Setelah meletakkan salad buah, niatnya Nara ingin langsung masuk ke kamar, tapi baru juga Nara memutar tubuhnya, Rangga langsung memanggil Nara.


"Tunggu Ra." cegah Rangga.


Sontak Nara pun memutar balik tubuhnya.


"Butuh apa lagi?" tanya Nara ketus.


"Sini duduk dulu, ada yang mau aku omongin." jawab Rangga.


"Ngomongin apa? Kalau soal permasalahan diantara kita, aku masih belum bisa jawab, aku masih butuh waktu untuk mikir." jawab Nara.


"Bukan soal itu. Ini soal pekerjaan." jawab Rangga.


Nara mengernyitkan keningnya.


"Pekerjaan apa? Aku kan gak nganggur!" balas Nara.


"Makanya duduk dulu." balas Rangga.


Nara pun menurut dan duduk di single sofa.


"Apa? Cepetan bilang!" desak Nara.


"Mmm... kamu mau gak kerja di tempat aku. Jadi wakil aku." tanya Rangga.


Lagi lagi Nara mengernyitkan keningnya.


"Kenapa tiba-tiba kamu nawarin itu? Punya rencana busuk apa kamu?" curiga Nara.


"Astaga Nara, kok rencana busuk sih. Ini rencana baik loh Ra. Aku mau kamu selalu bareng sama aku kemanapun aku pergi.

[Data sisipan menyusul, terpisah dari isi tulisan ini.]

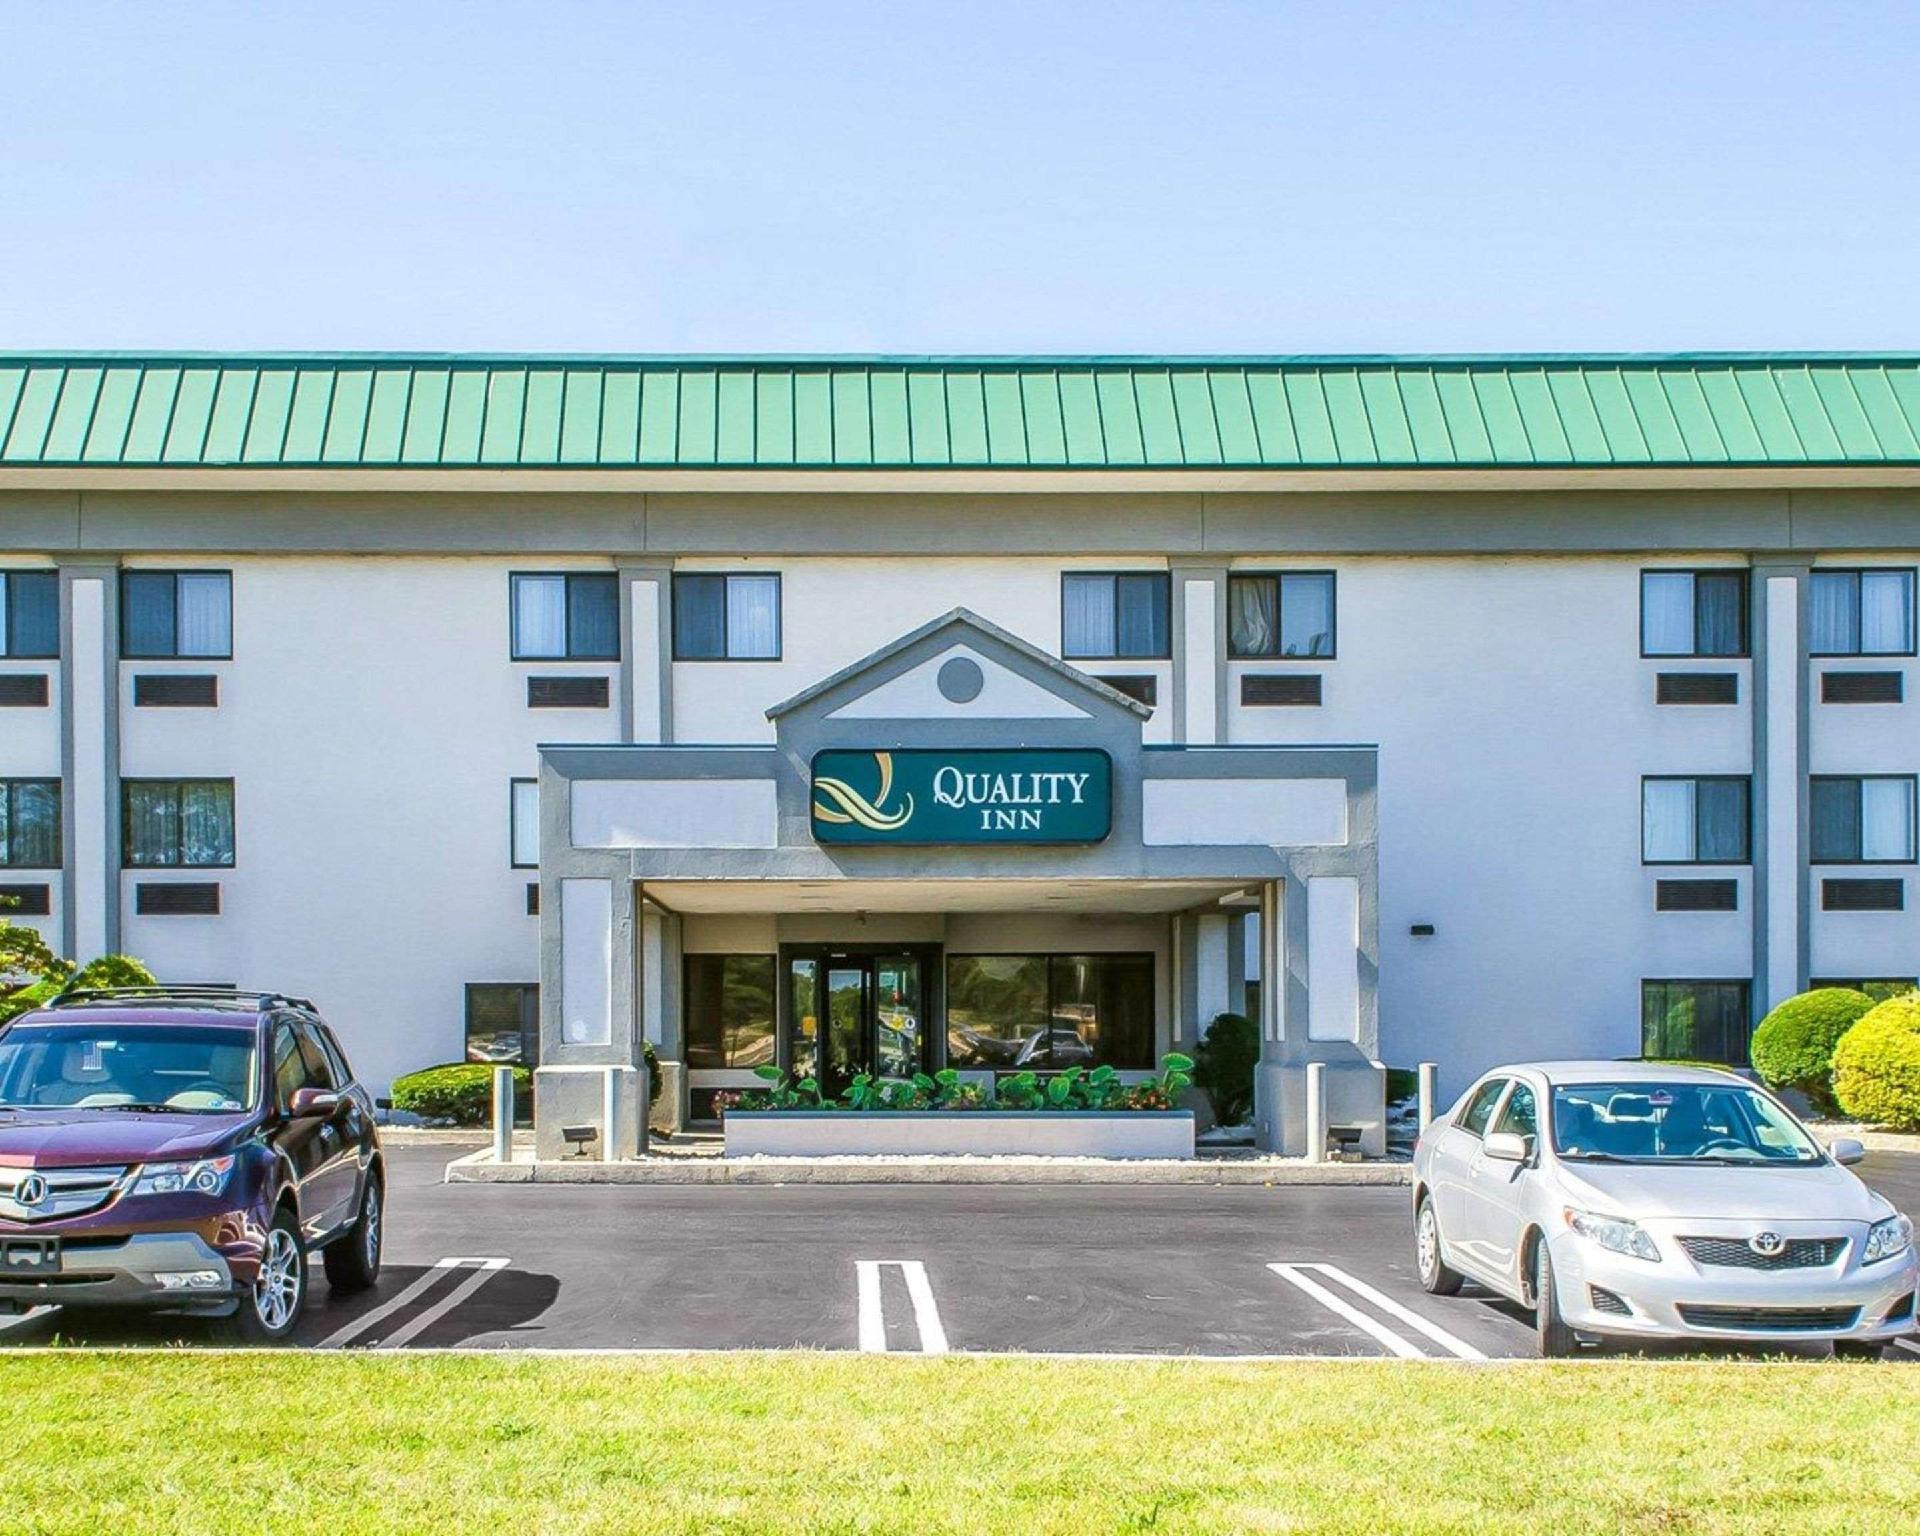 Quality Inn Harrisburg   Hershey Area

Aku gak mau kejadian yang kemaren terulang lagi." jawab Rangga.


"Kalau hanya itu alasannya, itu semua tergantung sama kamu! Kalau memang pada dasarnya kamu tukang selingkuh, sekalipun aku ada di samping kamu dua puluh empat jam tetap aja kamu masih bisa selingkuh." balas Nara.


"Tapi aku kan bukan tukang selingkuh, Ra. Kejadian kemaren kan bisa di bilang kecelakaan." balas Rangga membela diri.


"Ya sama aja kan!" balas Nara.


"Iya... iya..." jawab Rangga mengalah.


"Gimana Ra, kamu mau gak resign dari kerjaan kamu dan kerja sama aku?" tanya Rangga sekali lagi.


"Terus siapa dong yang ngawas showroom dan bengkel kalau aku gak ada?" lirih Rangga.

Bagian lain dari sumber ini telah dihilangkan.